**Aim of the task**
Will you output all of the data below exactly, omitting the images?
(Dataset section Opens)
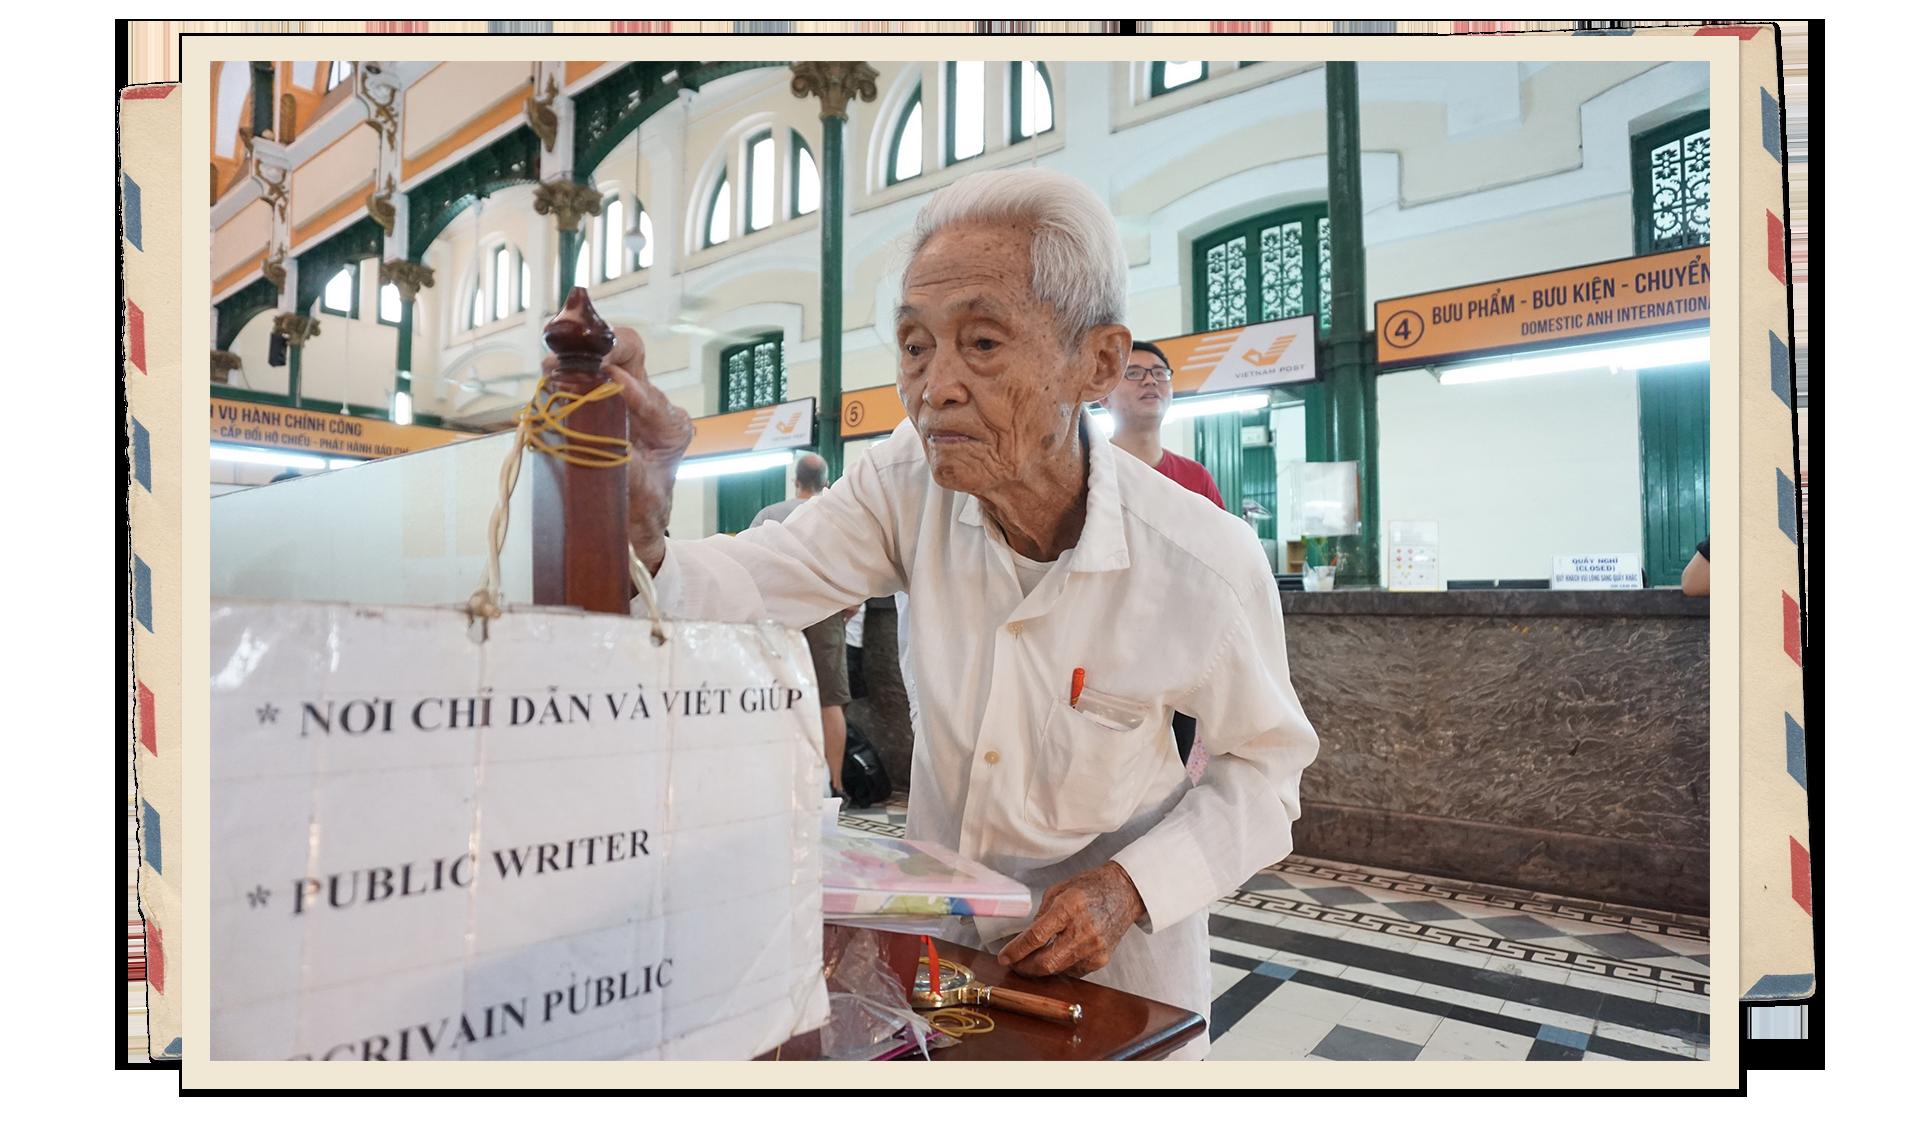 Saigon's last public writer still active at age 89
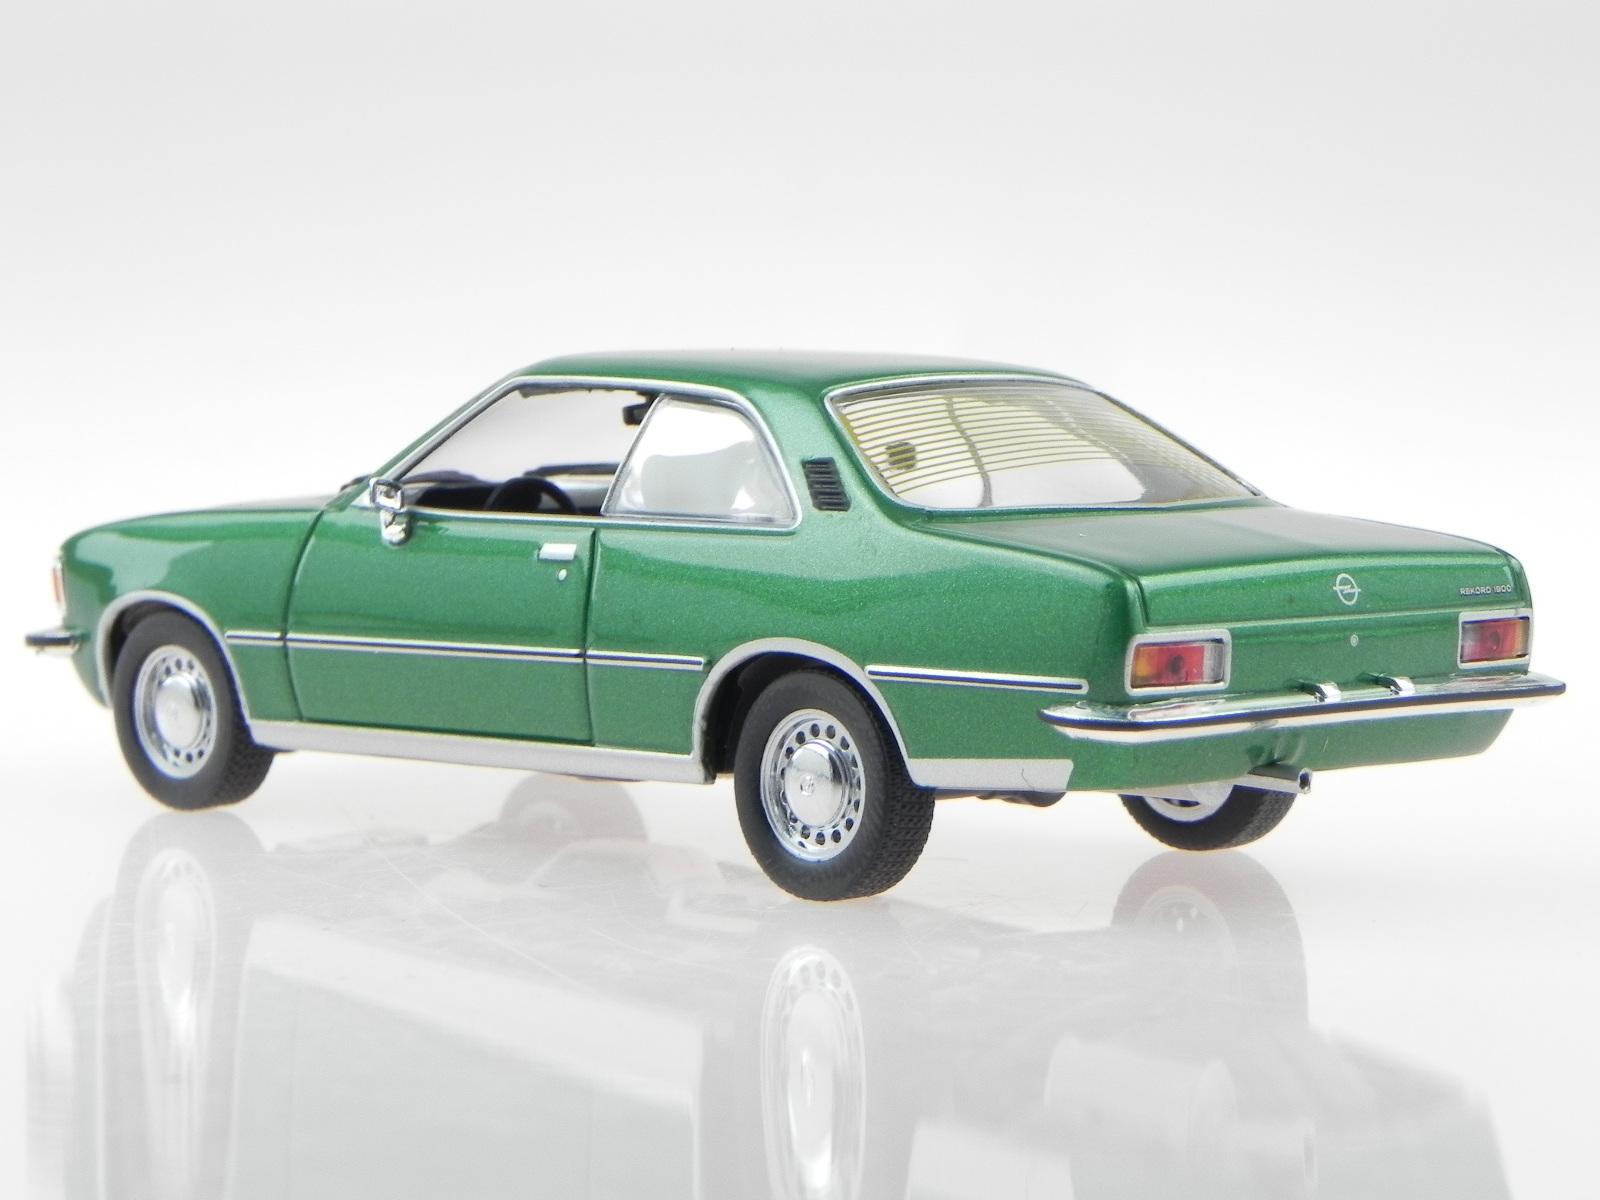 Opel-Rekord-D-cupe-verde-coche-en-miniatura-400044022-Minichamps-1-43 miniatura 3
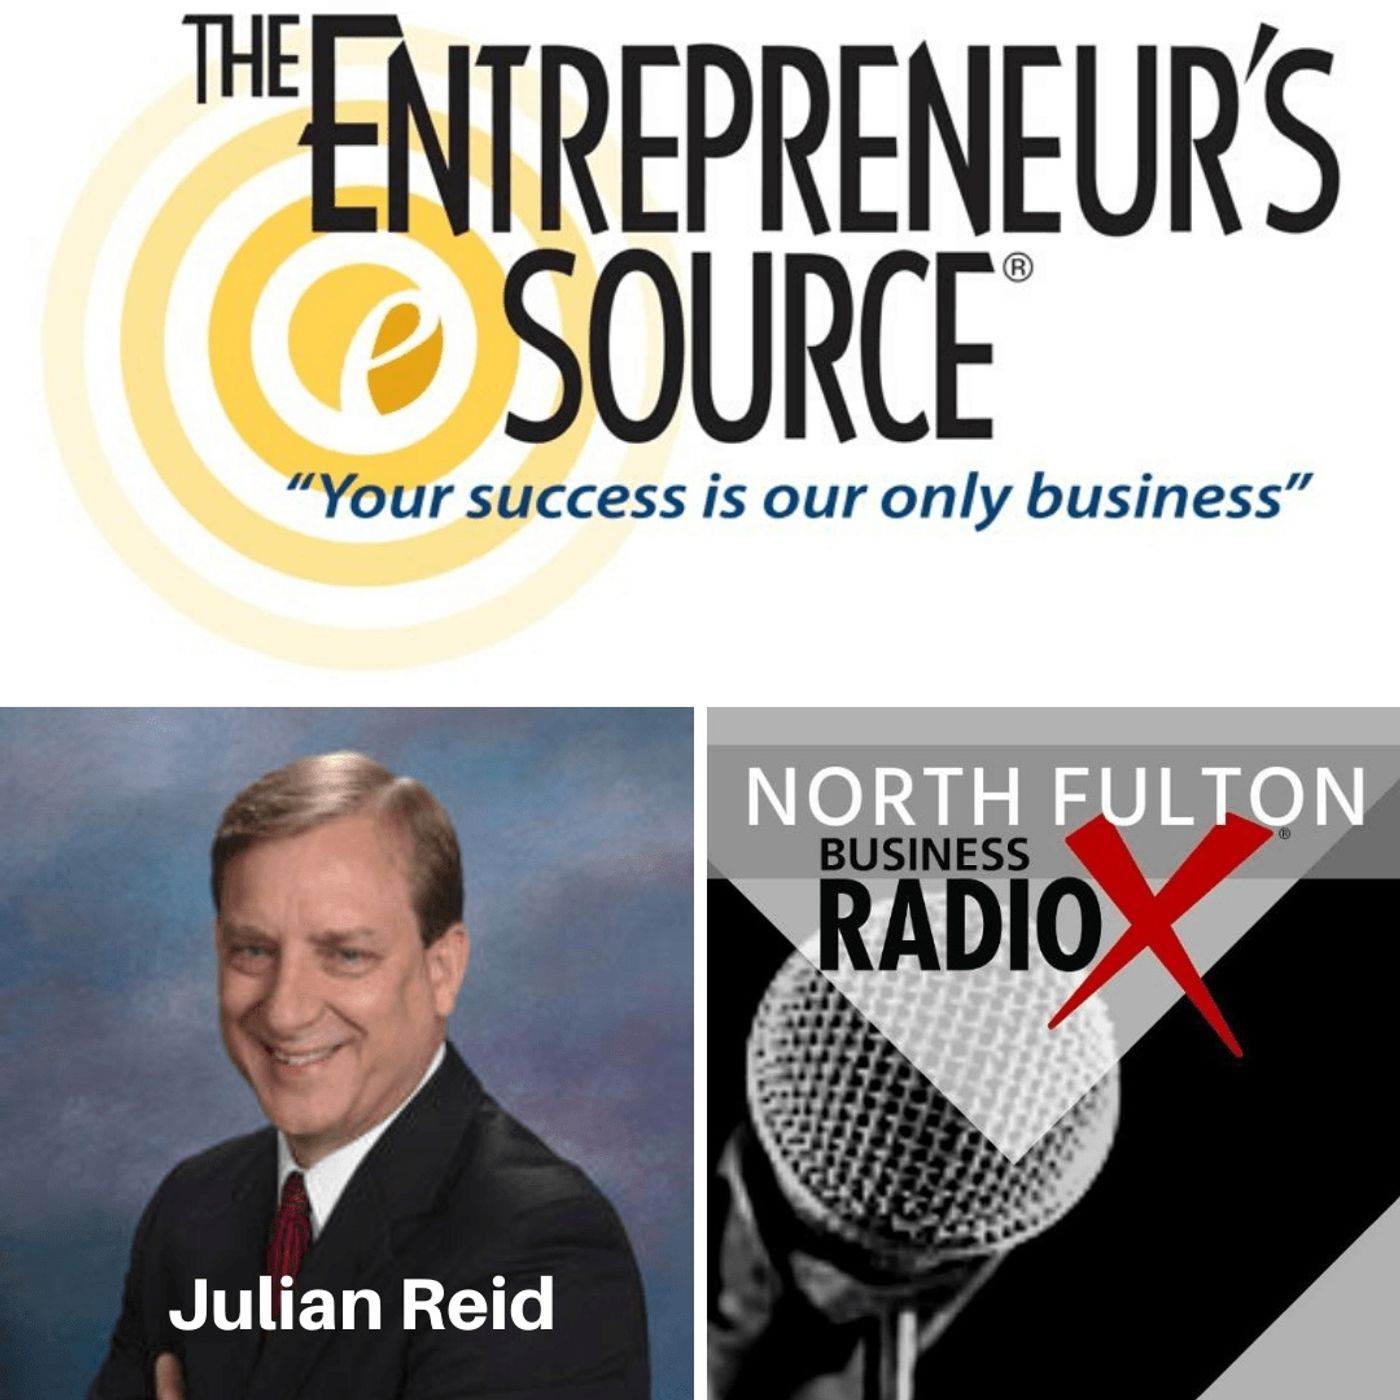 Julian Reid, The Entrepreneur's Source
(Dataset section Closes)
**Finished task**
 Saigon's last public writer still active at age 89
 Opel-Rekord-D-cupe-verde-coche-en-miniatura-400044022-Minichamps-1-43 miniatura 3
 Julian Reid, The Entrepreneur's Source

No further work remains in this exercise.